The Interfaith Pastor

I’ve been a Lutheran pastor since 1989. While serving at North Park Lutheran Church in Buffalo, NY, I was also elected as Dean of the Niagara Frontier Conference of the Upstate New York Synod (Evangelical Lutheran Church in America). As part of that position, I became involved in interfaith activities on behalf of the synod. During that time, I met the Rev. Sarah Buxton-Smith, an Episcopal priest who was organizing an interfaith women’s group as part of the 100th anniversary of the Pan-American Exposition in Buffalo in 2001. I became her co-chair and helped facilitate the interfaith presence at the Women’s Leadership Conference, which included keynote speakers Jane Goodall and Hillary Rodham Clinton.
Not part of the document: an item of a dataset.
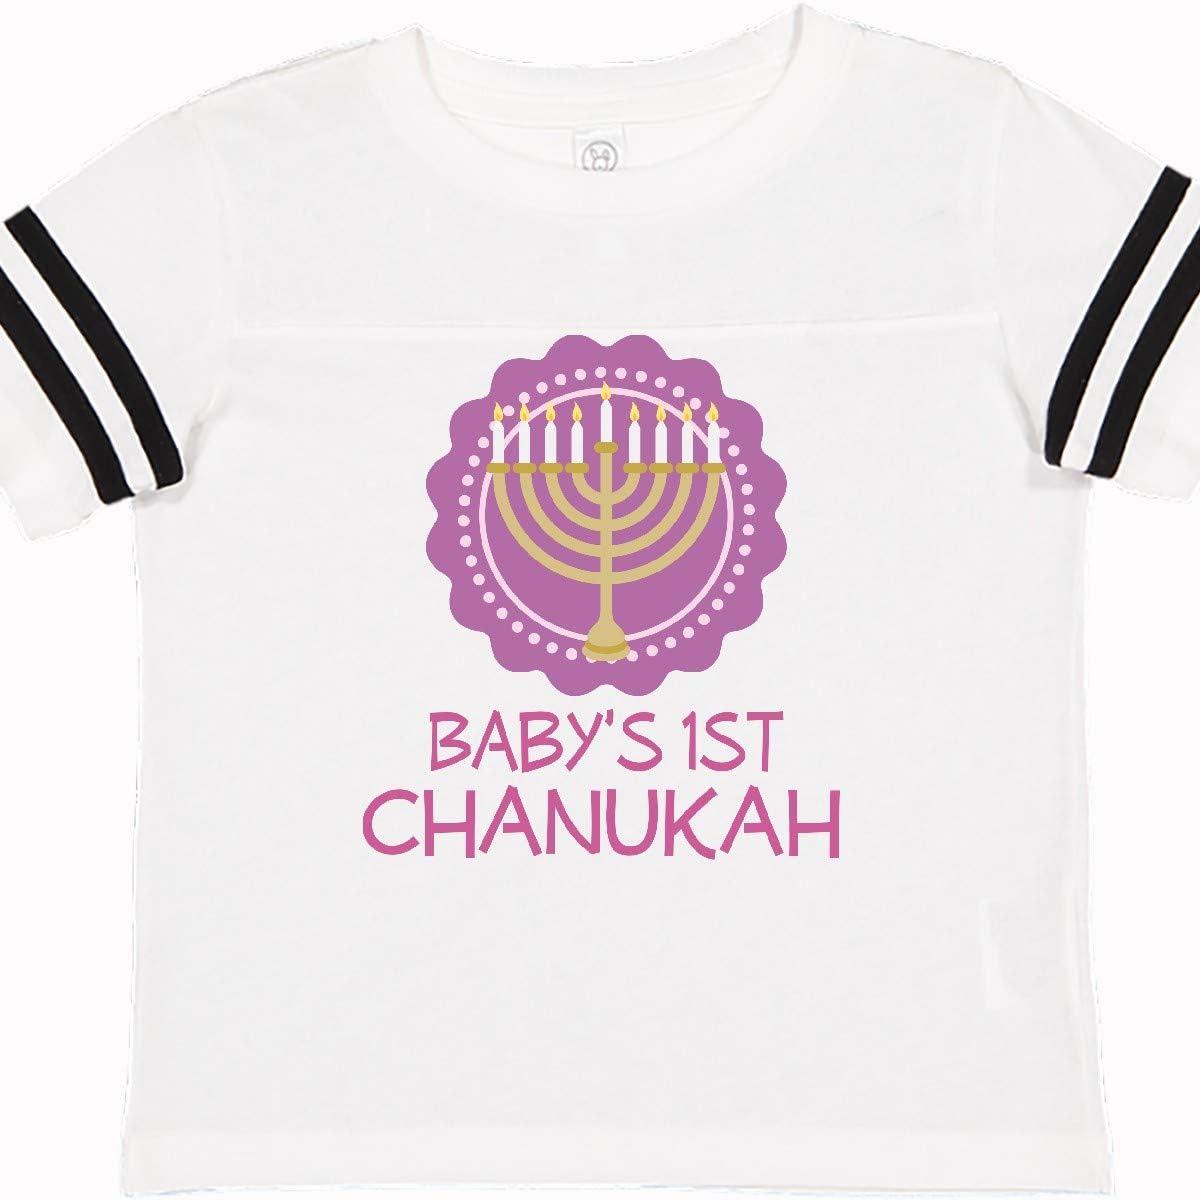 inktastic Babys 1st Chanukah Toddler T-Shirt

As my interest in other religions grew, so did my awareness that parts of my own Christian tradition were no longer fitting neatly into my previous belief system. I began a quest for a new way of understanding my faith in light of the beliefs of others.

In September 2002, I began studies at the Pacific School of Religion, part of the Graduate Theological Union, in Berkeley, CA. I received my Doctor of Ministry degree in 2005; my thesis was entitled “Passing Over and Coming Back: What Does It Mean to Be a Christian in an Interfaith World?” My book is an outgrowth of that work.

I was pastor of First United Lutheran Church in San Francisco from 2004 to 2017. 
I have been the pastor of the Lutheran Church of the Good Shepherd in Burlingame, CA since 2020.